Профессор экспериментальной физики (одновременно и редактор израильского журнала «22») А. Воронель так публично высказался об особенностях «еврейского мышления». Признав де-факто тезис Ленарда и прочих нацистов от науки об особенностях, как они выражались, «еврейского подхода к науке», Воронель попробовал этот особый подход сформулировать: «Если уж характеризовать еврейское мышление в целом, следует отметить его постоянную замутненность эмоциональным элементом, повышенный реализм, заставляющий сбиваться с формального уровня на семантический, заставляющий больше ценить содержательный результат, хотя бы логически необоснованный, чем эстетику правильного построения… Теории Н. Бора и М. Борна, К. Маркса и З. Фрейда, А. Эйнштейна и Н. Винера с точки зрения логических обоснований отнюдь небезупречны. На хорошо знакомом нам материале советской науки мы видим, как проигрывают в логической завершенности идеи Л. Ландау на фоне идей Н. Боголюбова и как настолько же они выигрывают, применяемые к физической реальности…

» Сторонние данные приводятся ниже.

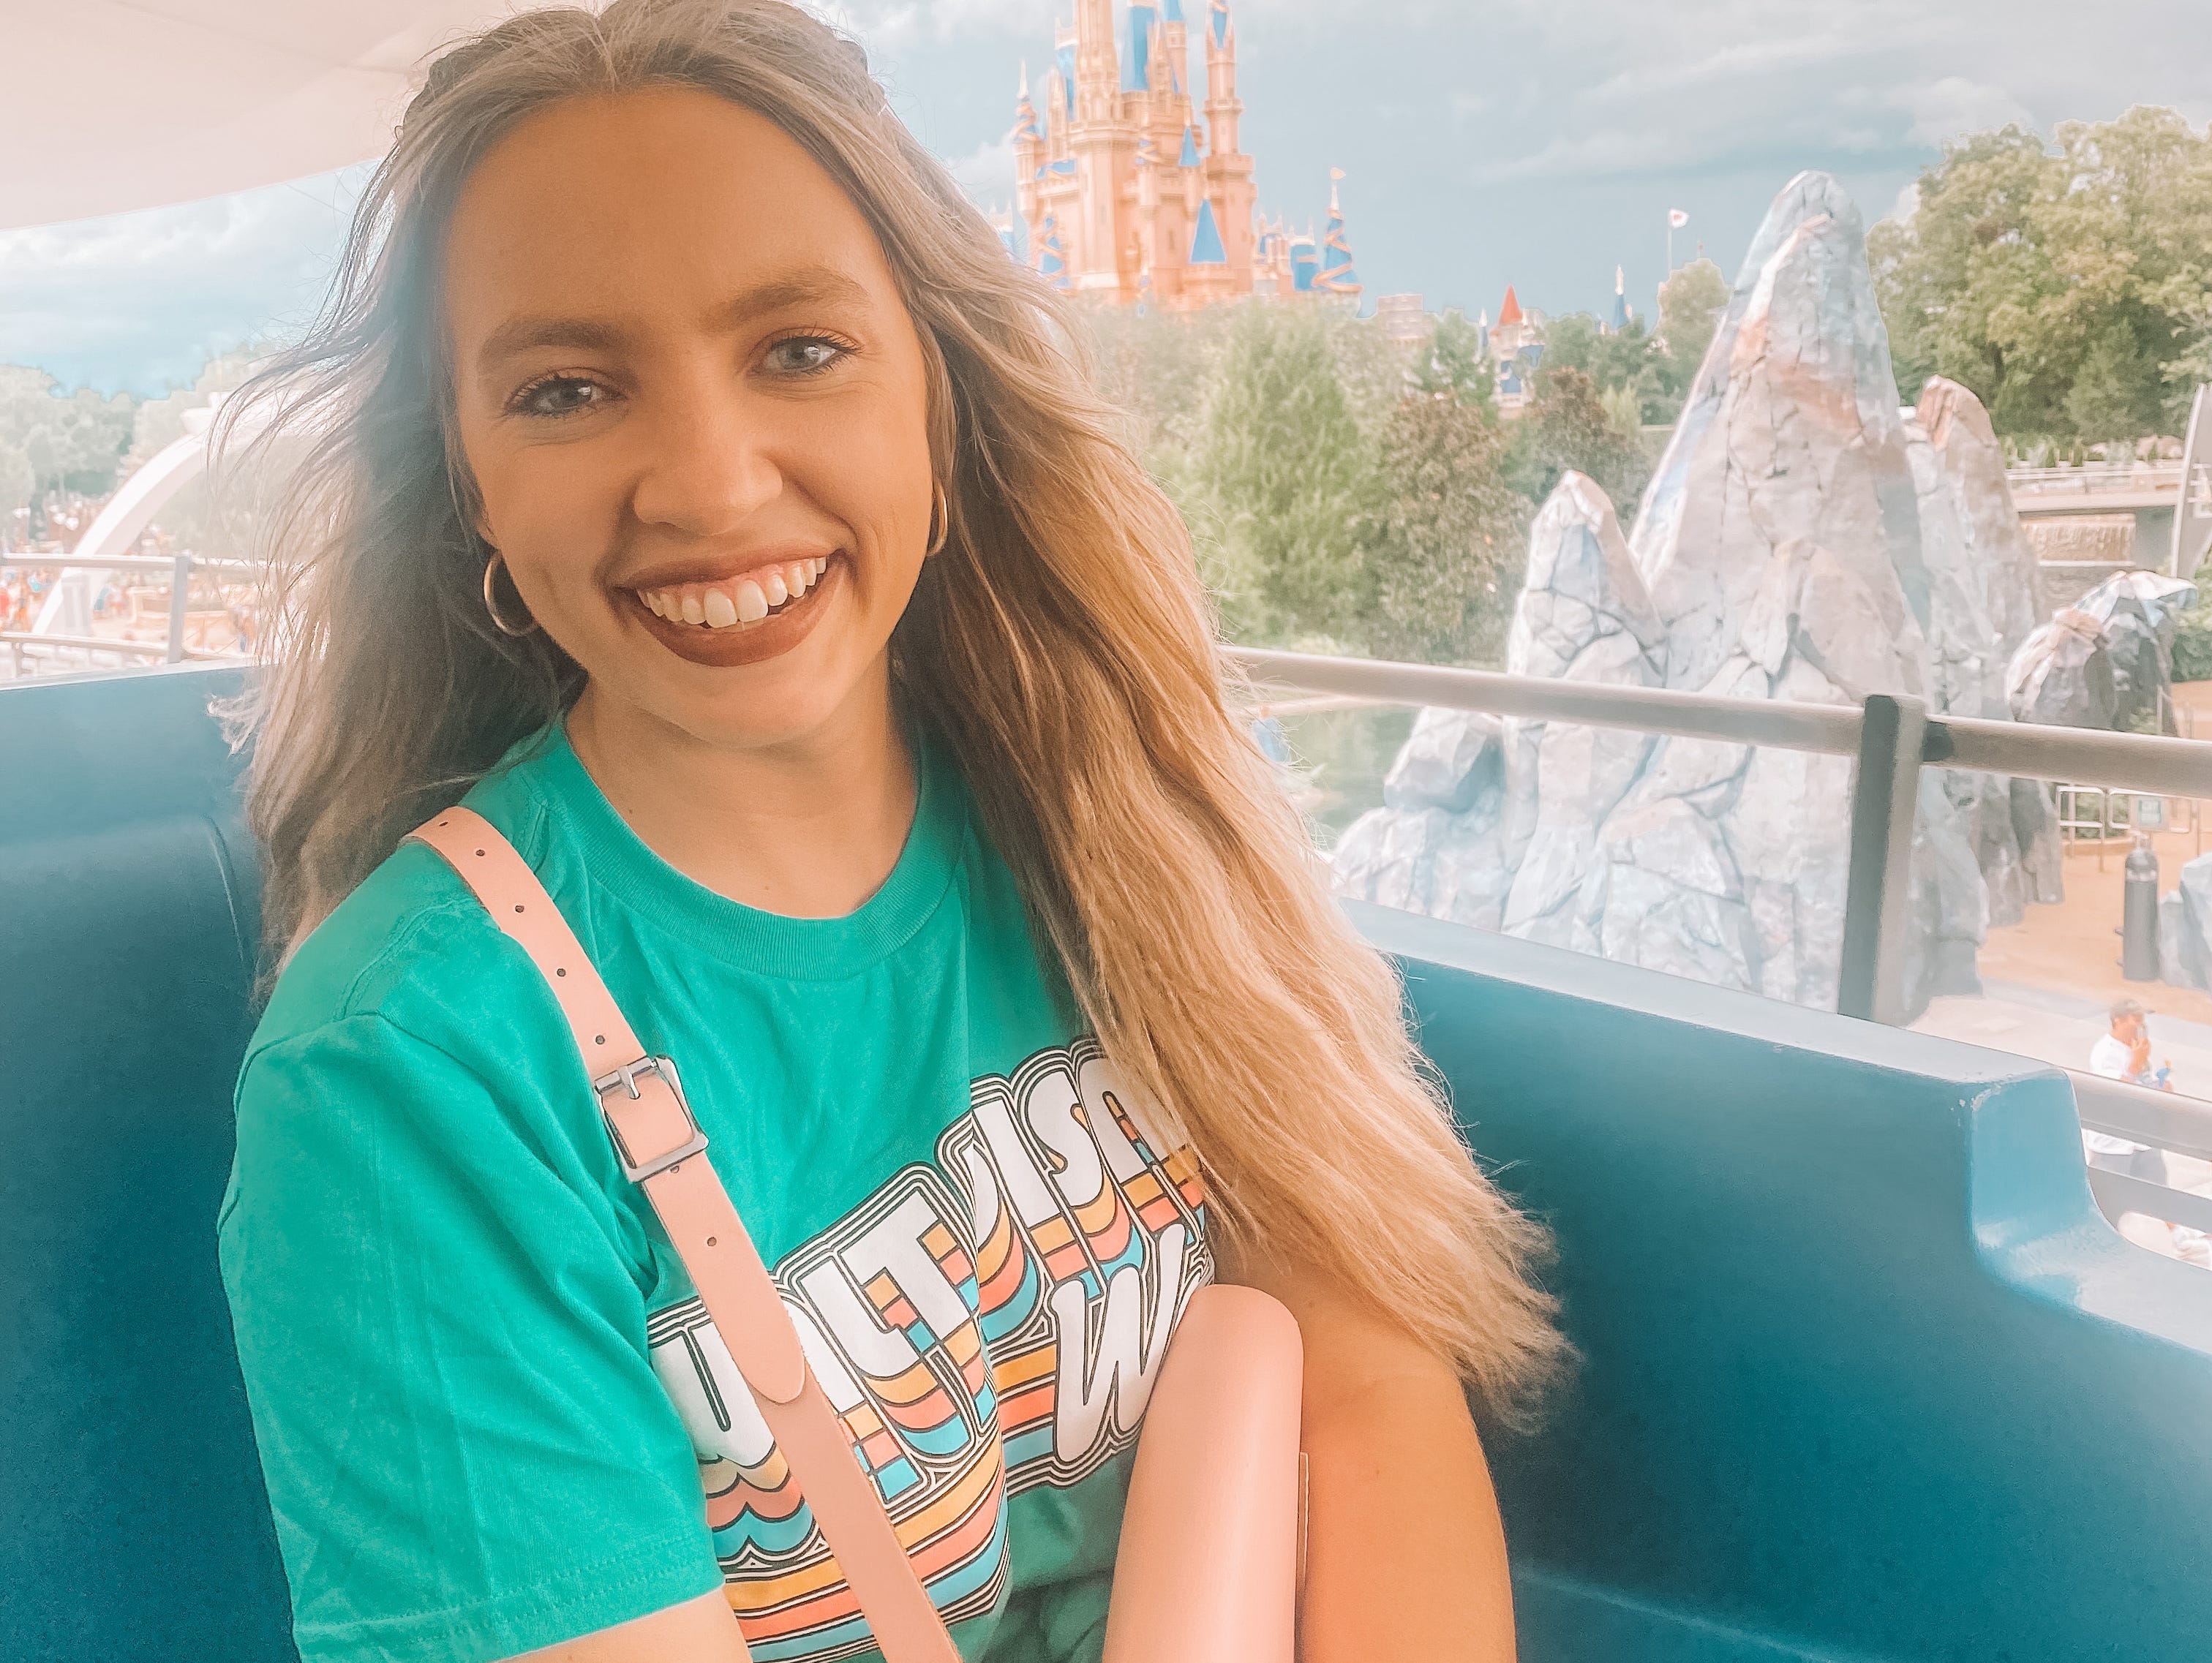 Kayleigh Price fährt mit dem People Mover im Magic Kingdom in Disney World

Однозначность логики, которая есть лишь результат сооглашения между людьми, вовсе не обязательна для природы, которая ничего не знает о наших соглашениях». Физик далее предположил, что определенные методы, возникшие в науке, в искусстве, вообще в подходе к жизни в ХХ веке, были связаны как раз с преодолением аналитического подхода, созданного греками для постижения моделей мира, с проникновением синтетического, монистического начала, которое свойственно иудаизму и порожденному им христианству. «Современного типа единство, несомненно, ближе к библейской спонтанности и парадоксализму, определяюшему динамику процессов, чем гомеровская пластическая гармония» (65).
Кстати, даже чисто логически выкладки «библеистов» весьма уязвимы.